» **Problem to work on**
Among the entries below, take the line with "EPON—MA5680T实验指导书(蒋志年主编)上课用" and the line with "日本 空調排水管防蟲帽 空調防蟲器 冷氣排水孔配件 防止蟑螂等害蟲侵入 防蟲 防蟑螂", and output them and every line between them exactly, with nothing else.

» **Dataset**
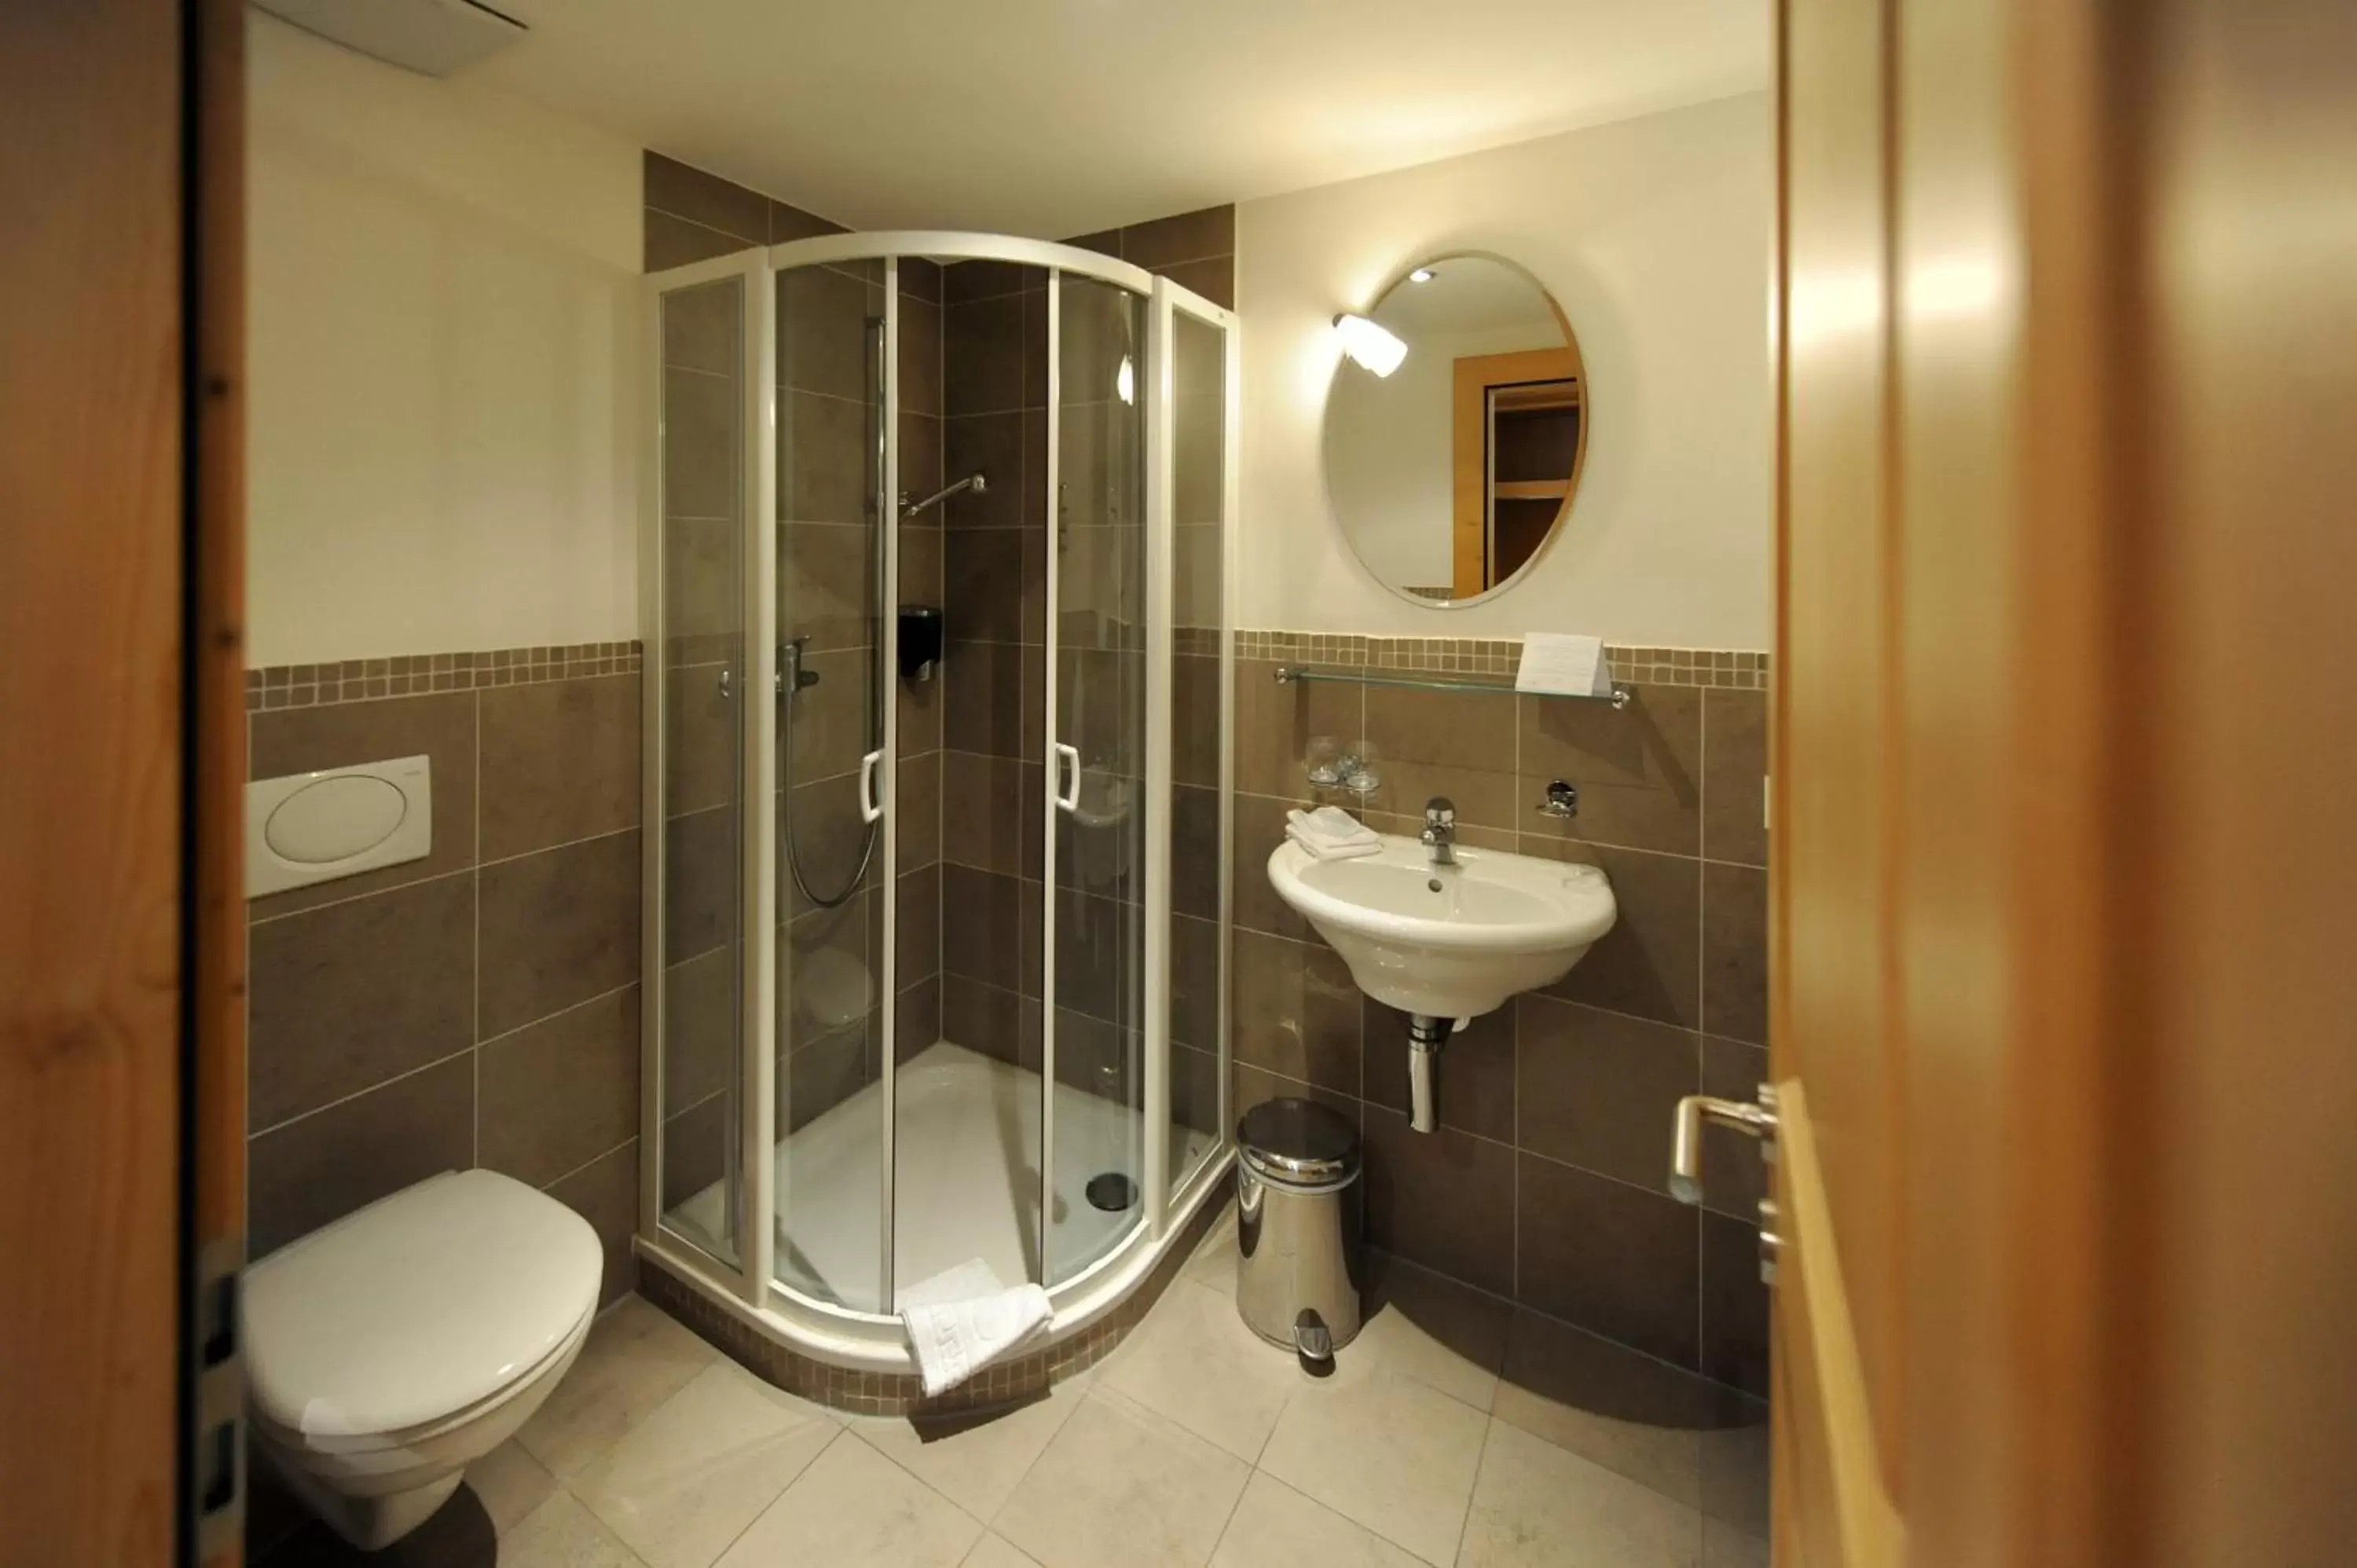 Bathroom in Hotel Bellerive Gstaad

---

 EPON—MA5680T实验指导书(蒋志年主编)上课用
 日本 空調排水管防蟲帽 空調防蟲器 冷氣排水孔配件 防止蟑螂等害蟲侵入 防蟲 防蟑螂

» **Response to this exercise**
 EPON—MA5680T实验指导书(蒋志年主编)上课用
 日本 空調排水管防蟲帽 空調防蟲器 冷氣排水孔配件 防止蟑螂等害蟲侵入 防蟲 防蟑螂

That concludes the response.